### ABOUT THIS EXERCISE
This exercise calls for the data below to be retyped exactly, minus any images.

### COLLECTED MATERIAL
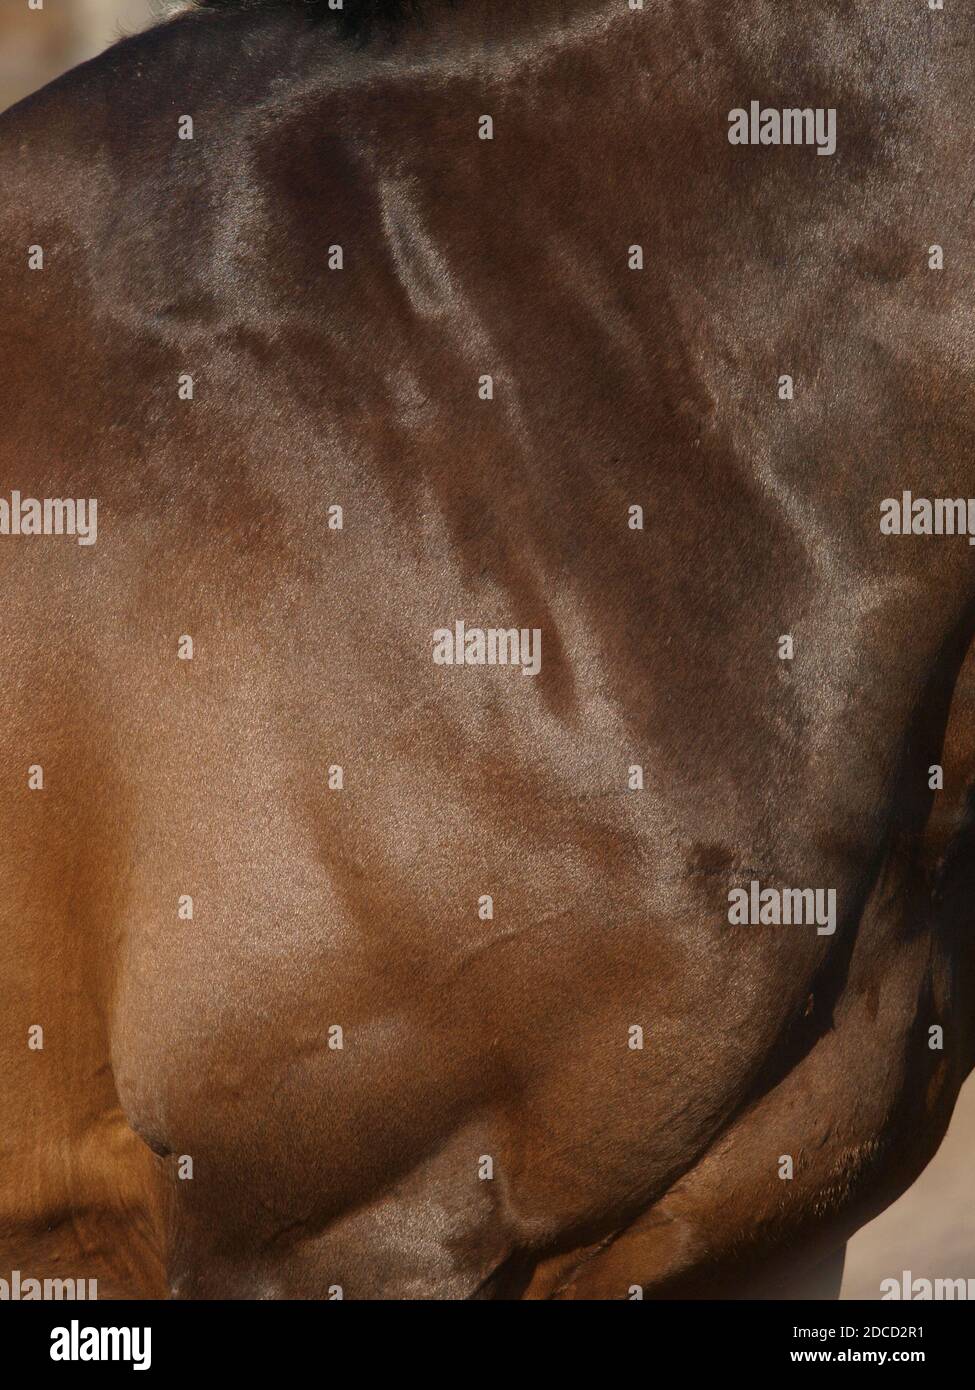 Eine Zusammenfassung der Seite eines Pferdes, die einen gesunden Glanz auf seinem Fell und Zustand zeigt. Stockfoto
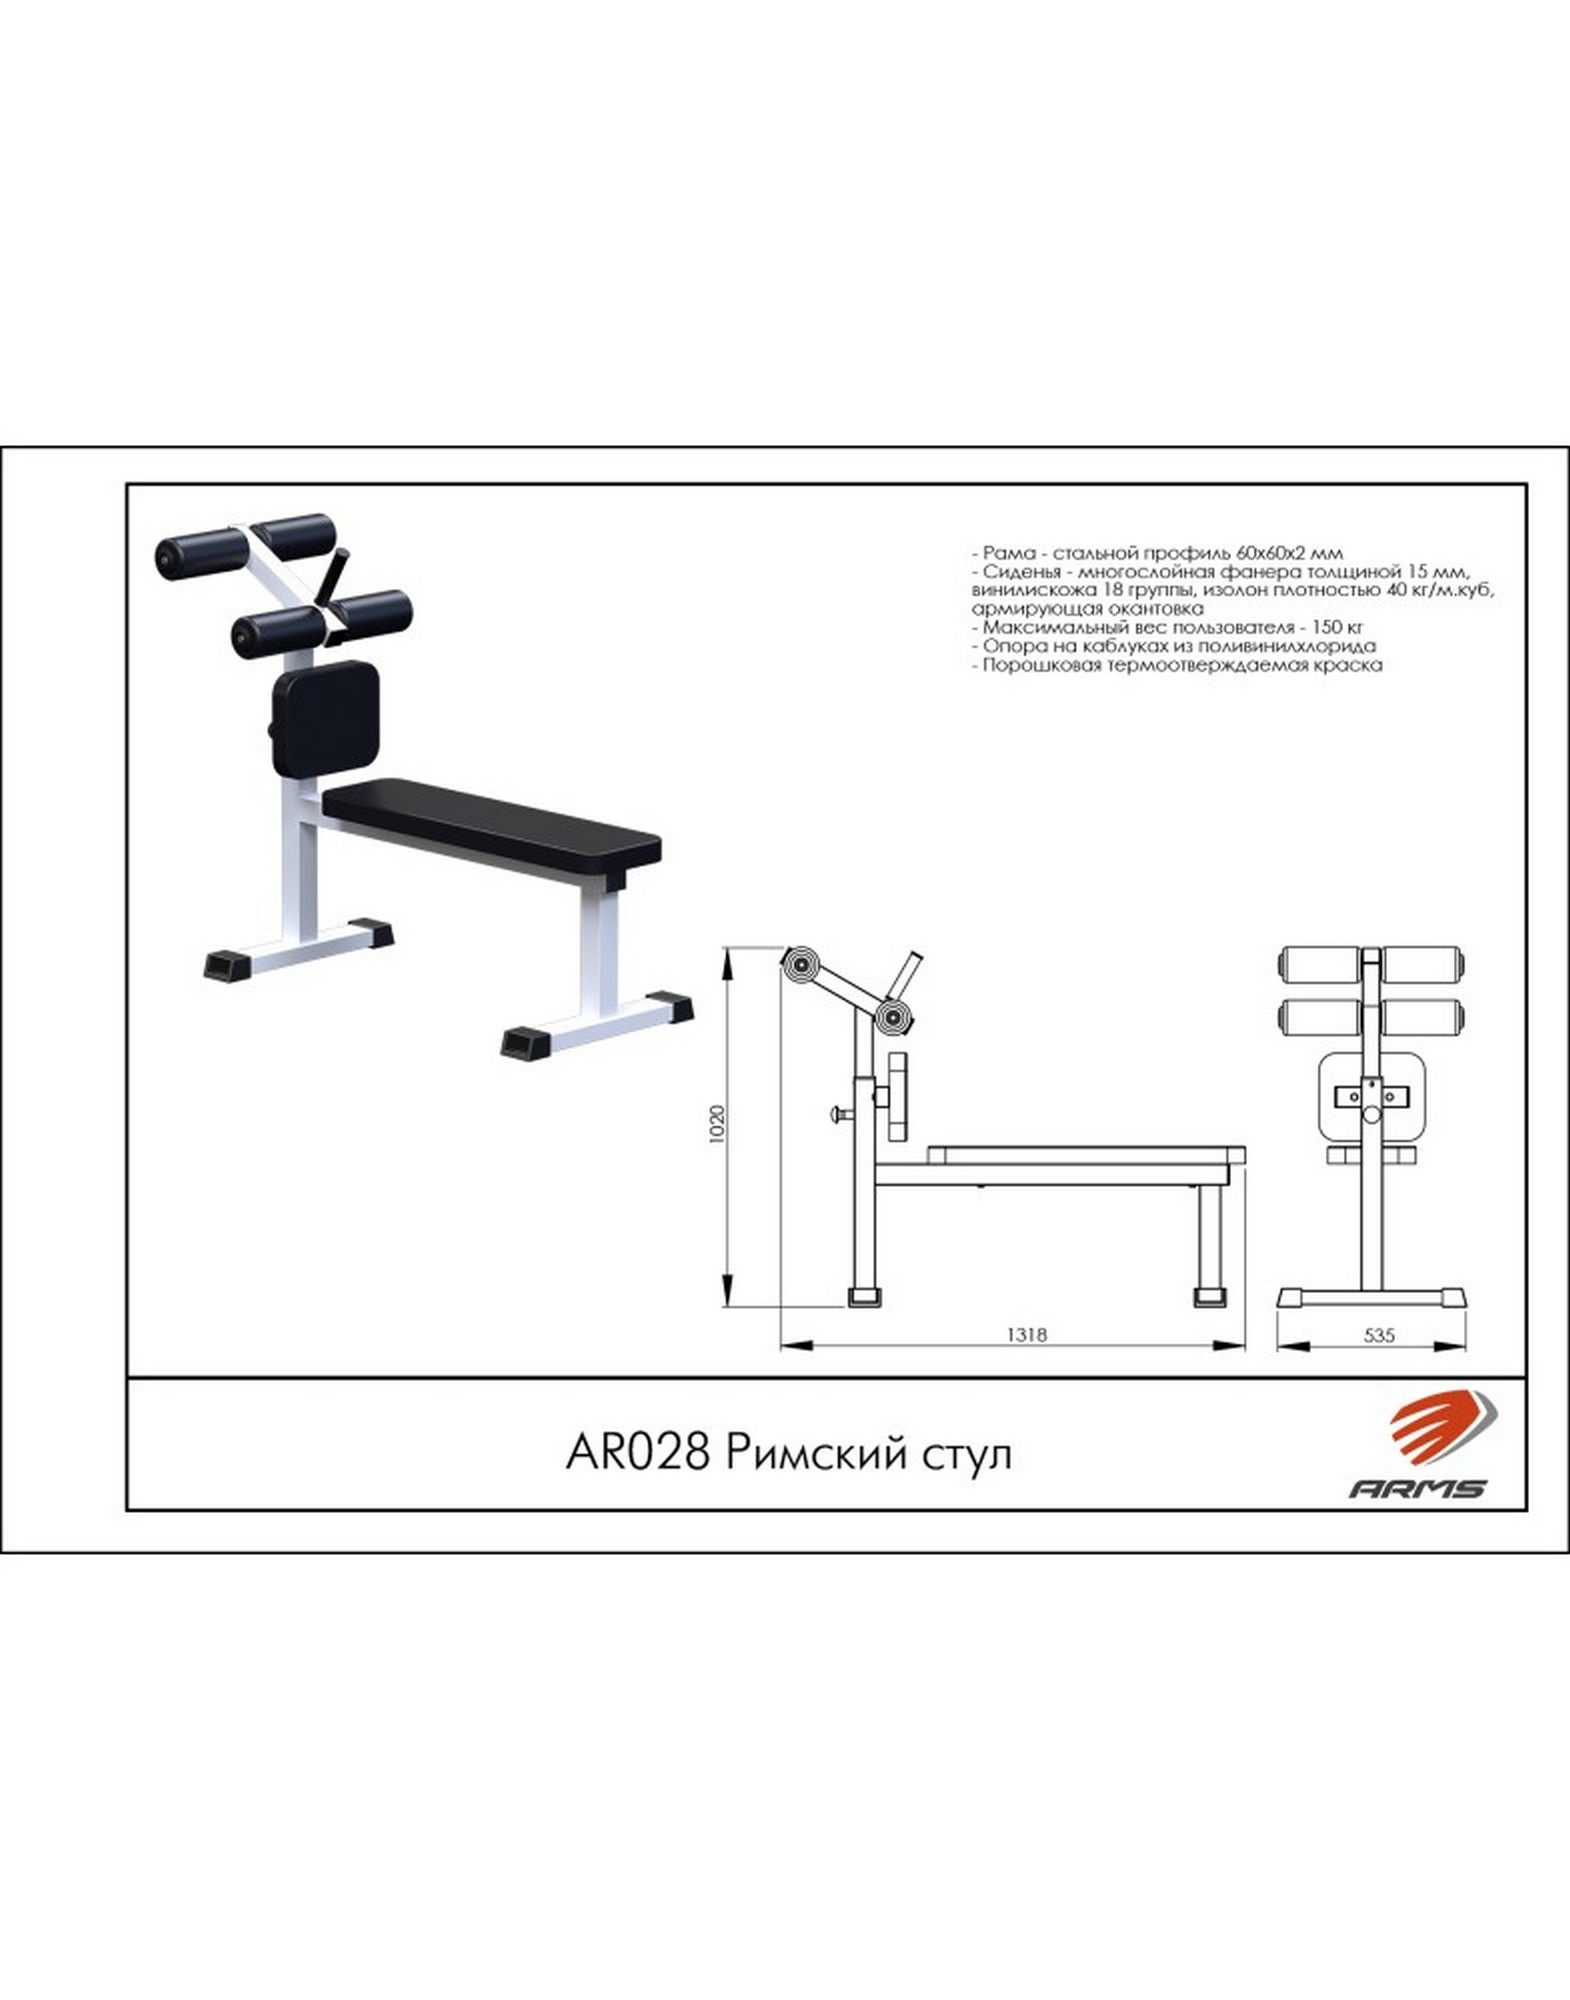 Римский стул ARMS AR028 1570_2000
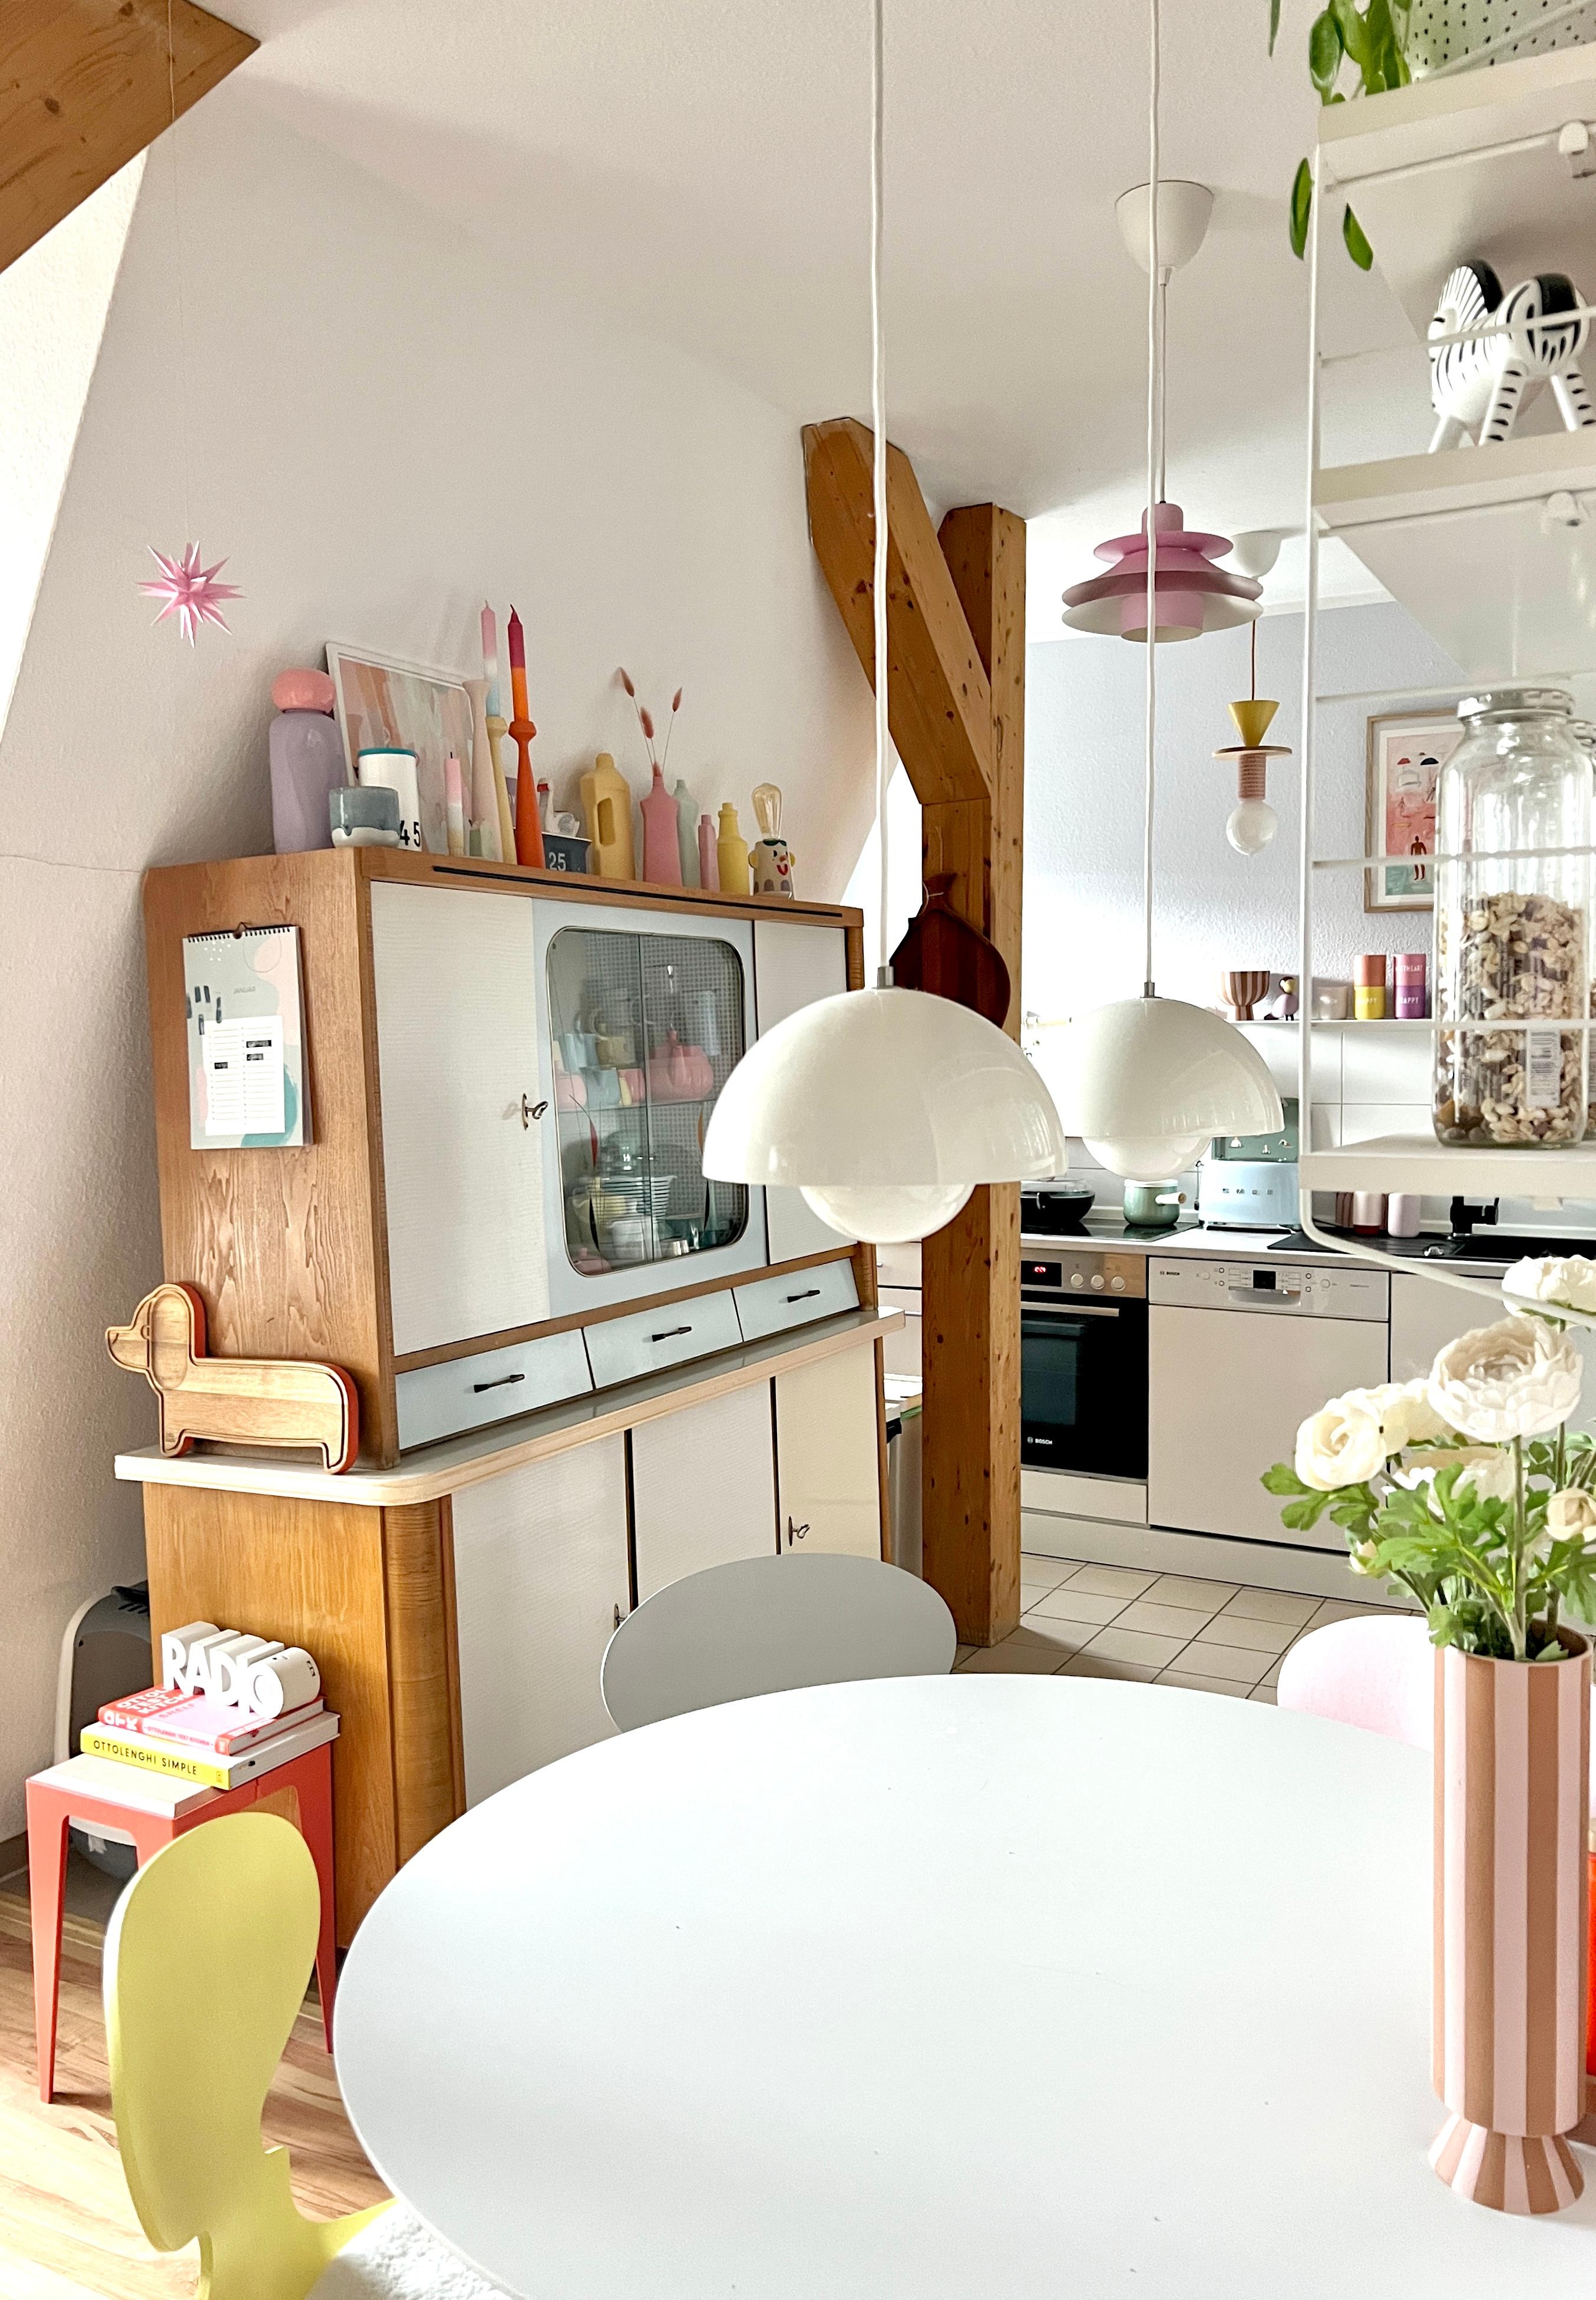 #interior #interiordesign #couchliebt #küche #pastell #50s #60s #flowerpot

### COMPLETED TASK
 Eine Zusammenfassung der Seite eines Pferdes, die einen gesunden Glanz auf seinem Fell und Zustand zeigt. Stockfoto
 Римский стул ARMS AR028 1570_2000
 #interior #interiordesign #couchliebt #küche #pastell #50s #60s #flowerpot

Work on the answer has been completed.